Der Fondsverband BVI begrüßt die Reform als „weitgehend gelungen“ und lobt insbesondere die geringere Bürokratie. Auch die Versicherer sind positiv gestimmt. GDV-Geschäftsführer Jörg Asmussen hebt hervor, dass Informationen zu nachhaltigen Anlageprodukten künftig auf maximal zwei Seiten passen sollen – ein Vorteil für Vermittler und Versicherte.

Doch es bleibt Kritik. Der BVI fordert eine Anpassung der Vertriebsvorgaben: Die Abfrage von Nachhaltigkeitspräferenzen im Beratungsgespräch sei weiterhin zu kompliziert und nicht auf die neuen Kategorien abgestimmt.
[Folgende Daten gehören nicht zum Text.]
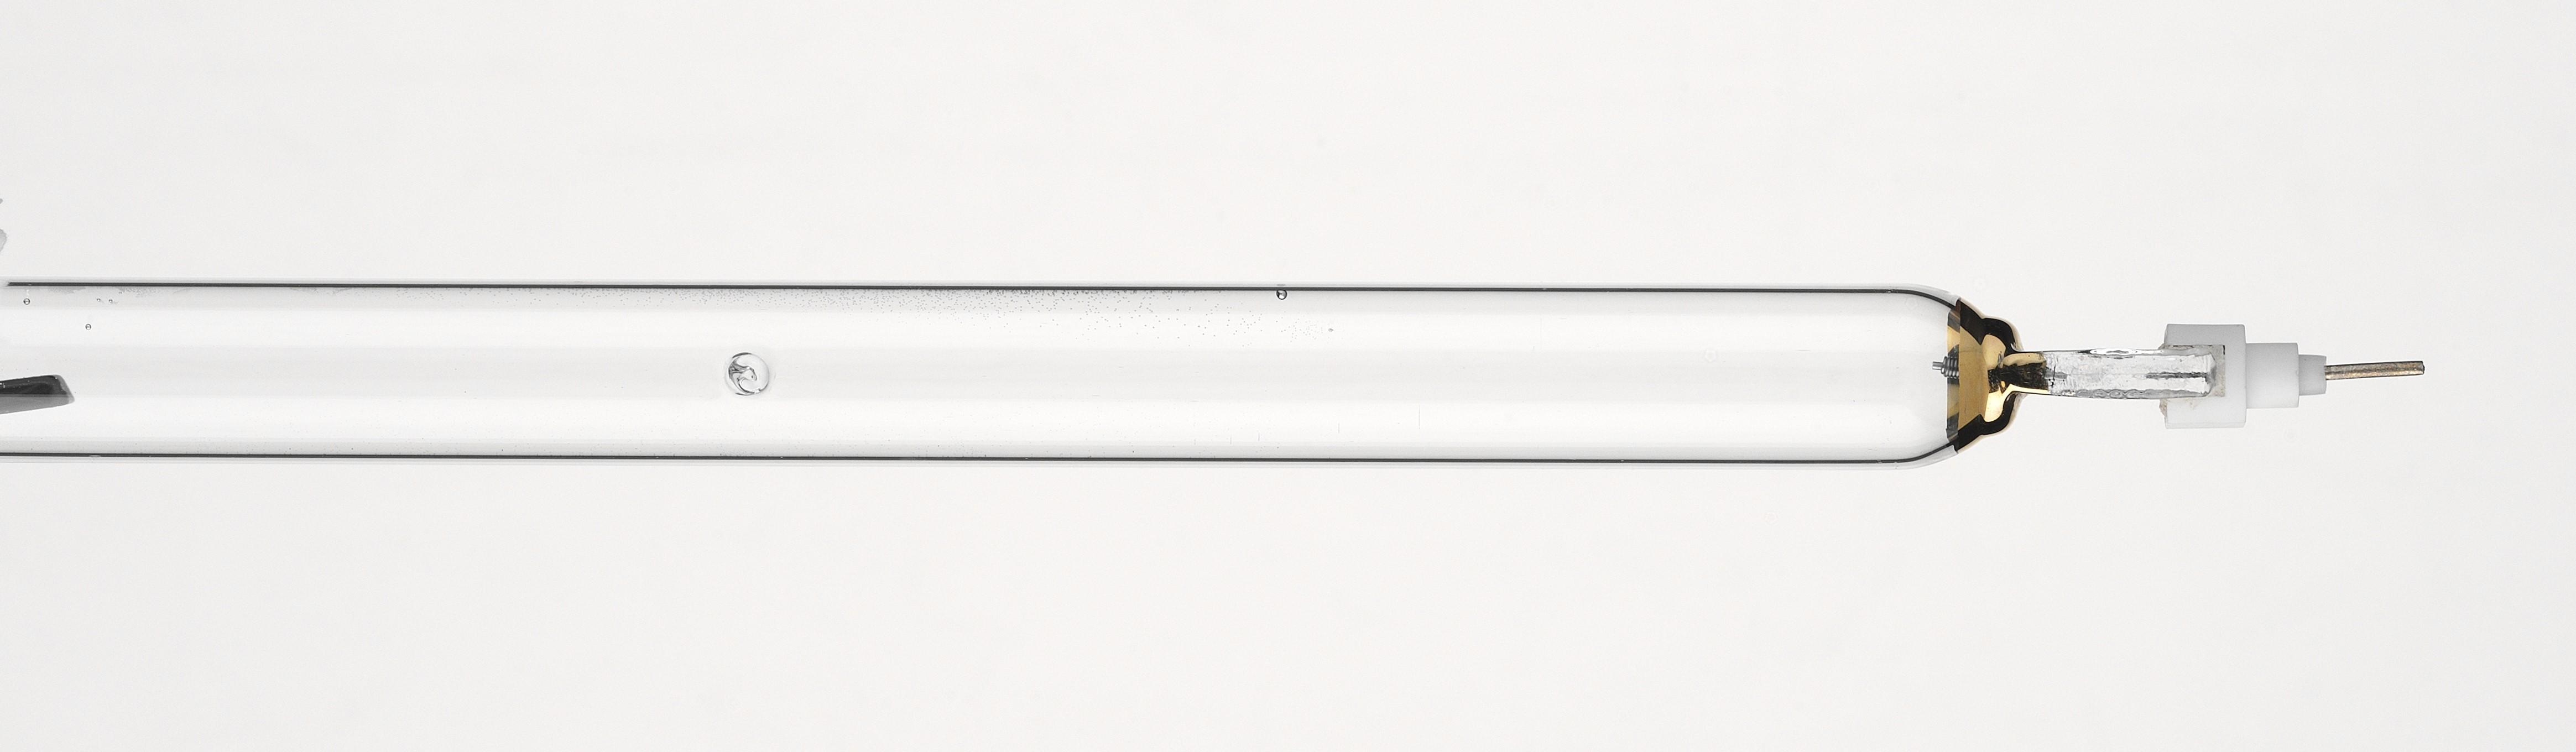 Mitteldrucklampen Helios Quecksilber Quecksilber Helios Quecksilber Mitteldrucklampen Quartz Quartz Mitteldrucklampen Helios FJ1TlKc

Ohne diese Anpassung könnte der Vertrieb nachhaltiger Produkte weiter unnötige Hürden aufweisen.

Die entscheidende Frage: Wird das neue System in der Praxis funktionieren?

Die Reform hat das Potenzial, ein dysfunktionales Regelwerk zu entschlacken und nachhaltige Produkte endlich verständlich zu machen. Doch die Umsetzung hängt an mehreren Punkten:

  • Wird die Übergangskategorie von der Branche ernst genommen – oder als Hintertür genutzt?
  • Können kleinere Anbieter tatsächlich profitieren, oder bleiben die technischen Standards ein Hemmschuh?
  • Und vor allem: Wie konsequent kontrolliert Brüssel künftig Fehlkennzeichnungen?

Klar ist nur eines: Die Reform ist kein Feinschliff, sondern ein Paradigmenwechsel.

Wenn das neue SFDR-System funktioniert, könnte Europa zum weltweit ersten Markt werden, der Nachhaltigkeit verständlich, skalierbar und regulatorisch stabil gestaltet.

Wenn es scheitert, steht die Branche 2027 erneut am Anfang – mit neuen Regeln, neuen Konflikten und derselben Verwirrung wie heute.